Rohm Ilonka, Sattler Sandra, Atiskova Yevgeniya, Kretzschmar Daniel, Pistulli Rudin, Franz Marcus, Jung Christian, Mall Gita, Kronert Thomas, Schulze Paul C, Yilmaz Atilla
Clin Lab. 2016 Dec 1;62(12):2293-2303. doi: 10.7754/Clin.Lab.2016.160517.
Atherosclerosis is an inflammatory disease of the vessel wall promoted by different immune cells and inflammatory mediators.
In this study, 26 human plaques and 12 control vessels without atherosclerosis were immunohistochemically stained to analyze the emergence of mast cells dependent on plaque morphology and to correlate mast cell occurrence with the emergence of myeloid as well as plasmacytoid dendritic cells. Also, mast cell emergence was correlated with the number of pro-inflammatory T cells. For this, plaques were classified as stable or unstable according to established histological criteria.
As expected, atherosclerotic lesions showed significantly higher numbers of tryptase+, chymase+, and cathepsin G+ mast cells compared to control vessels, particularly in lesions with unstable morphology. As a novel finding, we detected significant correlations between mast cells and myeloid dendritic cells (fascin, CD83, r > 0.3, p < 0.01), but not plasmacytoid dendritic cells (CD123, CD304). Also, we observed significant correlations of mast cells and different subgroups of pro-inflammatory T cells (CD3, CD8, CD161, CD25; r > 0.35, p < 0.05).
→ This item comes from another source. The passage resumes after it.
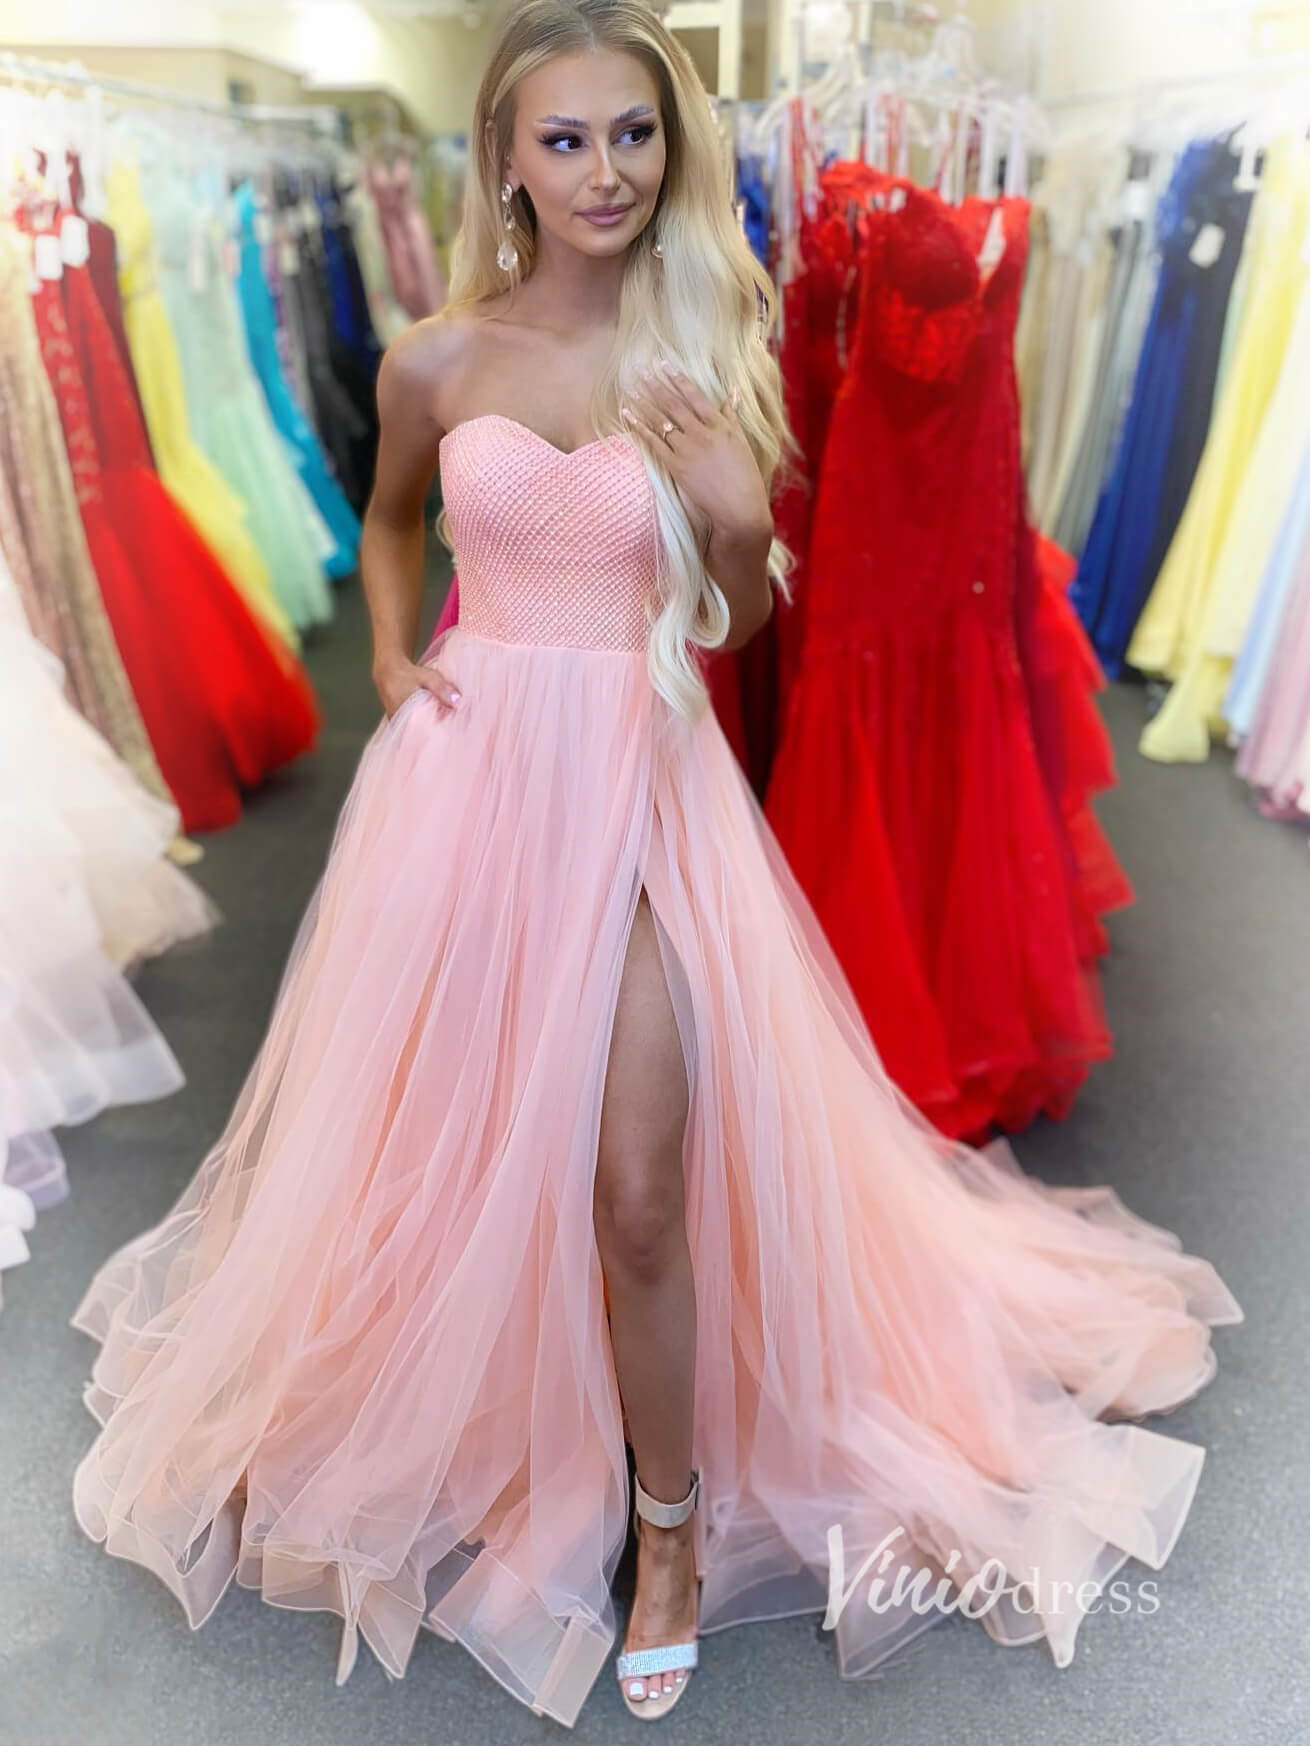 Blush Pink Sweetheart Neck Prom Dresses With Pockets Strapless Evening Dress FD2945-prom dresses-Viniodress-Blush Pink-Custom Size-Viniodress

Overall, the higher number of mast cells in plaques, particularly with unstable morphology, suggests that mast cells might be involved in the progression of atherosclerosis. The correlation of mast cells with other immune cells that are pivotal in atherogenesis, e.g., myeloid dendritic cells and pro-inflammatory T cells, also suggests an interplay leading to plaque destabilization. Therefore, modulating local mast cell function and invasion into the plaque might be a therapeutic tool for plaque stabilization.
动脉粥样硬化是一种血管壁炎症性疾病,由不同的免疫细胞和炎症介质促成。
在本研究中,对26个人类斑块和12个无动脉粥样硬化的对照血管进行免疫组织化学染色,以分析依赖于斑块形态的肥大细胞出现情况,并将肥大细胞的出现与髓样及浆细胞样树突状细胞的出现相关联。此外,肥大细胞的出现与促炎性T细胞数量相关。为此,根据既定的组织学标准将斑块分类为稳定或不稳定。
正如预期的那样,与对照血管相比,动脉粥样硬化病变显示出明显更多的色氨酸酶阳性、糜蛋白酶阳性和组织蛋白酶G阳性肥大细胞,特别是在形态不稳定的病变中。作为一项新发现,我们检测到肥大细胞与髓样树突状细胞(肌动蛋白、CD83,r>0.3,p<0.01)之间存在显著相关性,但与浆细胞样树突状细胞(CD123、CD304)无相关性。此外,我们观察到肥大细胞与促炎性T细胞的不同亚组(CD3、CD8、CD161、CD25;r>0.35,p<0.05)之间存在显著相关性。
总体而言,斑块中肥大细胞数量较多,特别是形态不稳定的斑块,表明肥大细胞可能参与动脉粥样硬化的进展。肥大细胞与动脉粥样硬化发生过程中起关键作用的其他免疫细胞(如髓样树突状细胞和促炎性T细胞)之间的相关性也表明存在导致斑块不稳定的相互作用。因此,调节局部肥大细胞功能并使其侵入斑块可能是稳定斑块的一种治疗手段。